STAFF NEWS & ANALYSIS
Break Up British Banks?
By Staff News & Analysis - October 24, 2009

You know how it is when you have two friends who you know really ought to get along, but just don't. They share many of the same ideas and beliefs; in a parallel universe they would be the best of friends. But for some reason you can't put your finger on they just don't see eye to eye. It is a feeling I can't get out of my head about Mervyn King and Lord Turner (pictured together left). Having listened to both of their views on what needs to be done to the biggest banks in order to ensure the financial system is more healthy and functioning in the future, I can't help but think all this needs is to bash their heads together a couple of times and they will pretty much agree with each other. As I alluded to in my column this morning, the fact is that despite all the rhetoric from both of them (Turner in his discussion paper today, King in his speech on Tuesday night) they are both after the same end: to have a banking system in which it becomes impossible to have one institution that is either too big to fail or, worse still, too big to save. In their hearts they want smaller banks with more clearly defined purposes. Where they differ is in the means by which this will be done. Whereas King appears to favour a pretty direct, straightforward approach, potentially creating a law to lay down boundaries between what constitutes a simple high street bank and what an investment bank is, Turner would rather impose such significant capital and liquidity restraints on the biggest banks to encourage them to do the breaking up themselves. The upshot would still be similar: in the end, many of the bigger banks (or, to be more precise, their shareholders) would be incentivized to slice themselves up into smaller parts, perhaps ensuring their prop trading function is separate from their consumer banking arm. – Telegraph

Dominant Social Theme: Smaller is better.

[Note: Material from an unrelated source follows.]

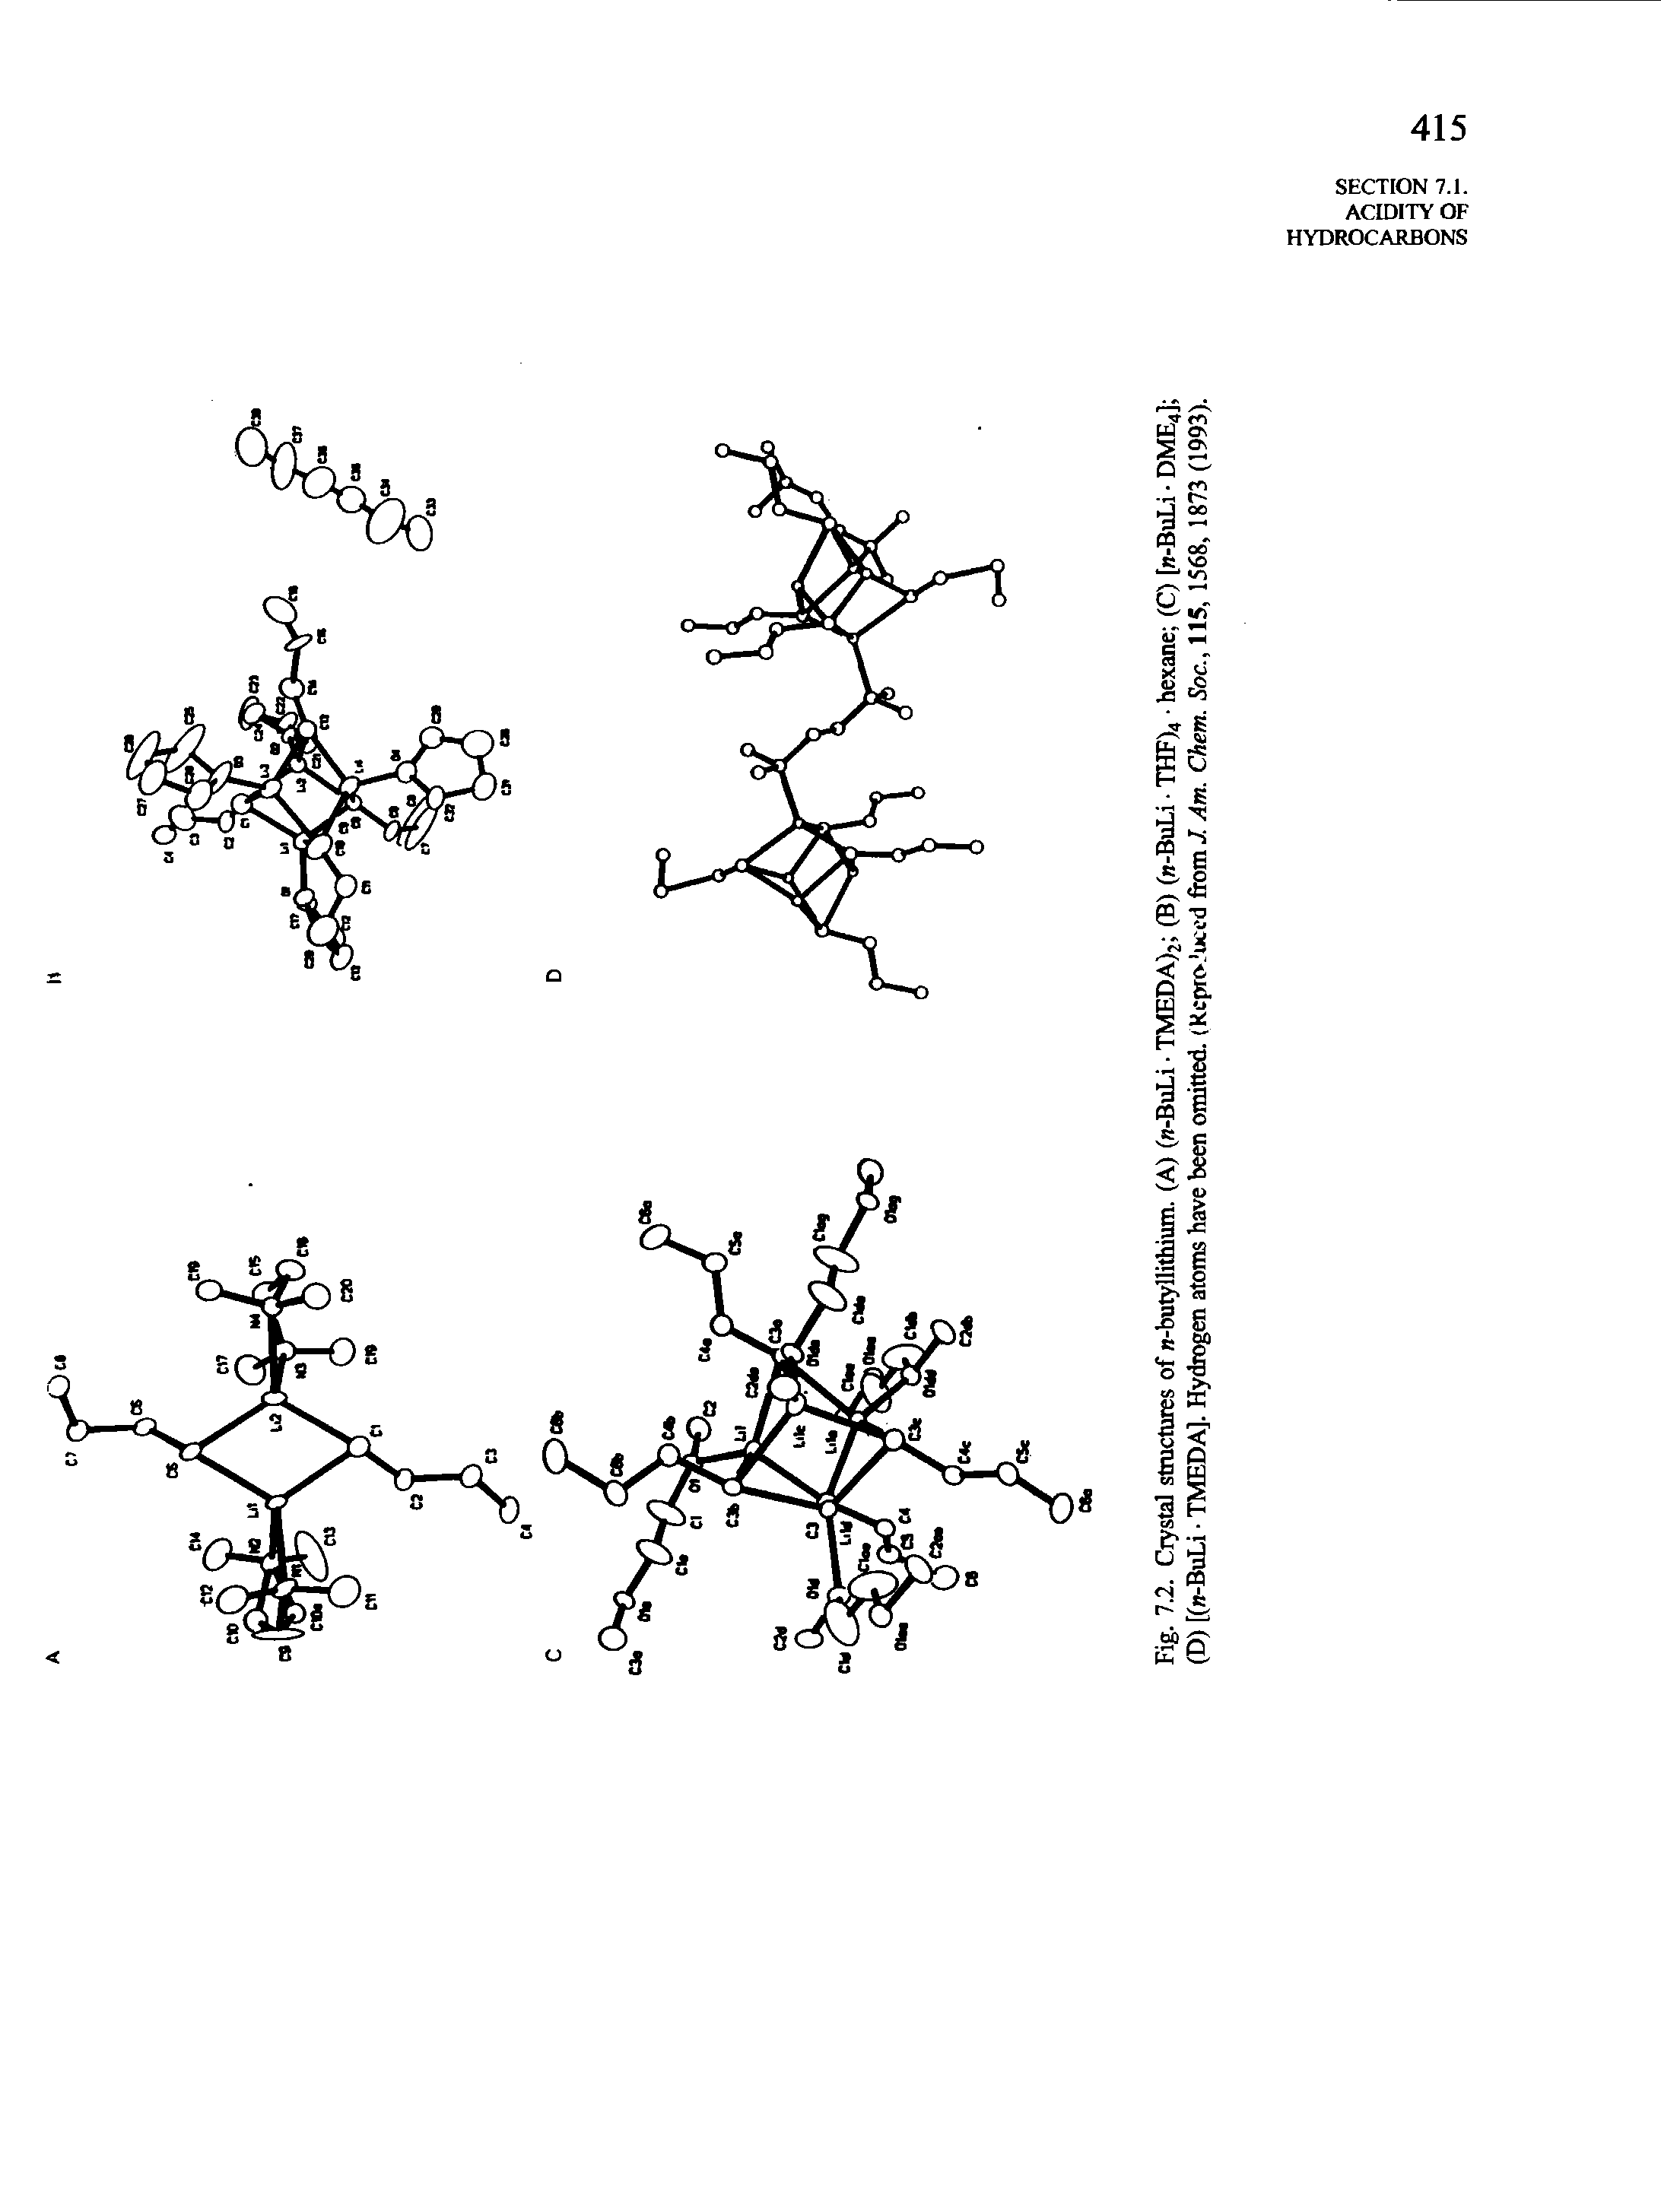 Fig. 7.2. Crystal structures of n-butyllithium. (A) (n-BuLi TMEDA)2 (B) (n-BuLi THF)4 hexane (C) [n-BuLi DME4] (D) [(n-BuLi TMEDA]. Hydrogen atoms have been omitted. (RcprcvJuccd from./ Am. Chem. Soc., 115, 1568, 1873 (1993).

Free-Market Analysis: So the idea is that smaller banks will take less risk. In America this concept was codified as Glass-Steagall and investment and commercial banks were split off from each other. In Britain, this bifurcation was never fully achieved. Thus it is we wonder if the issue is really big banks, small banks, investment banks or commercial banks. We have a feeling it is something else entirely – an issue that rests squarely with the activity of the central bank, in this case the Federal Reserve.

The Federal Reserve is one of the world's most active central banks and to date the world's most powerful. It is the Fed that prints the high-powered money that makes the world move and the global economy grind along to the degree that it does. And it is America's banking sector that feels the disproportionate brunt of the Fed's actions and over-the-top money printing. It is not, in our opinion, profligate commercial and investment banks that made the current mess. They were victims, to a degree (institutionally speaking anyway)

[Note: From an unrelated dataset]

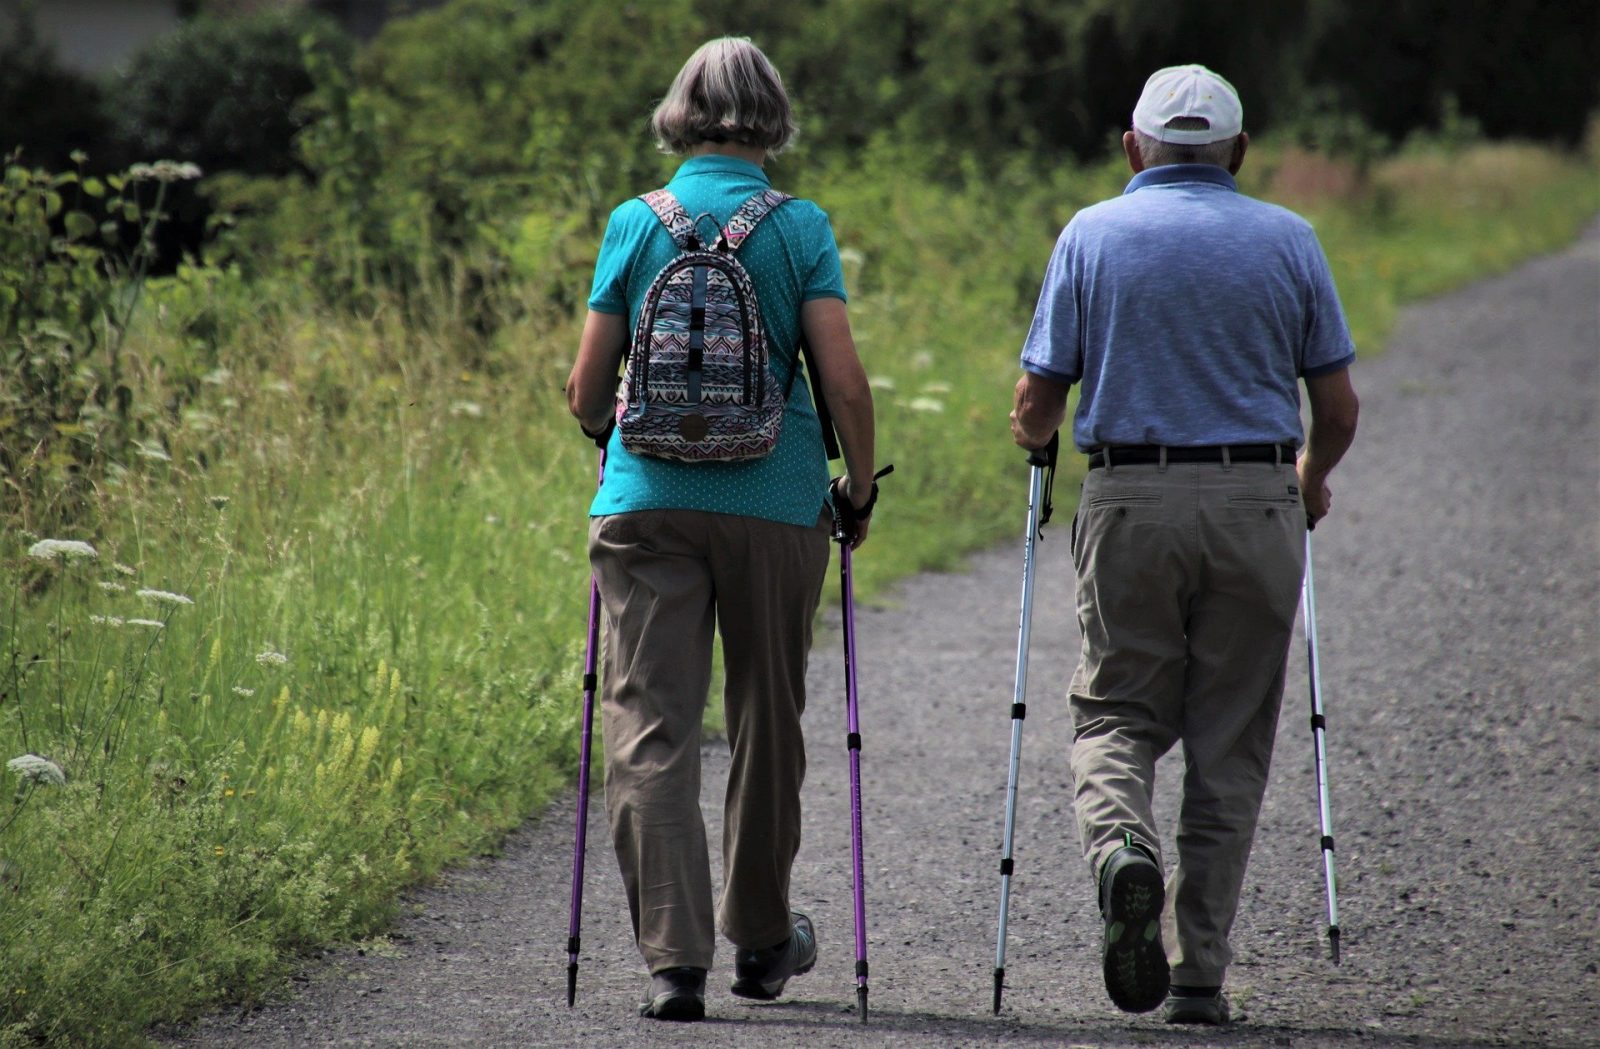 Study focus on seniors leaving hospital care

The temptation is always to blame inadequate regulation for what regularly occurs in the markets. Because central banking is such an important and protected activity, fingers are pointed in a million different directions. Back in the 1930s, it was thought that big banks would have to be broken up by function, and they were in America anyway.

Now in both America and Britain, there is talk of breaking up banks into discrete functions. America's Paul Volcker, the tough guy of the 1970's Fed is said to be backing a re-division of commercial and investment banks. This is silly because it is not the banks that are at fault. Central bank money-printing fools banks into issuing credit for bad projects as well as good ones. Toward the end of a bubble, even worse decisions are made. People naturally assume that credit markets take into account the variables necessary for good decisions. But what if the market itself is signaling buy when in fact the signals are a sham, based on excessive money printing?

We remember the finger pointing that took place recently between Republicans and Democrats in the states regarding who was to blame for the latest financial crisis. It was said as it has been said before, that lack of proper regulation was at the heart of the debacle. But regulations have only one constant: They change over time whereas central banking money stimulation remains same.

After Thoughts

It is the ability to print huge amounts of unnecessary money, thus distorting the entire economic system that is responsible for the current global difficulties. A private gold and silver standard, market-based, would provide the solution, not further tinkering with various structures. In fact, absent central banking monetary stimulation, the banking industry itself would subside and become far less important in the scheme of things. Then Western leaders wouldn't have to pay so much attention to it.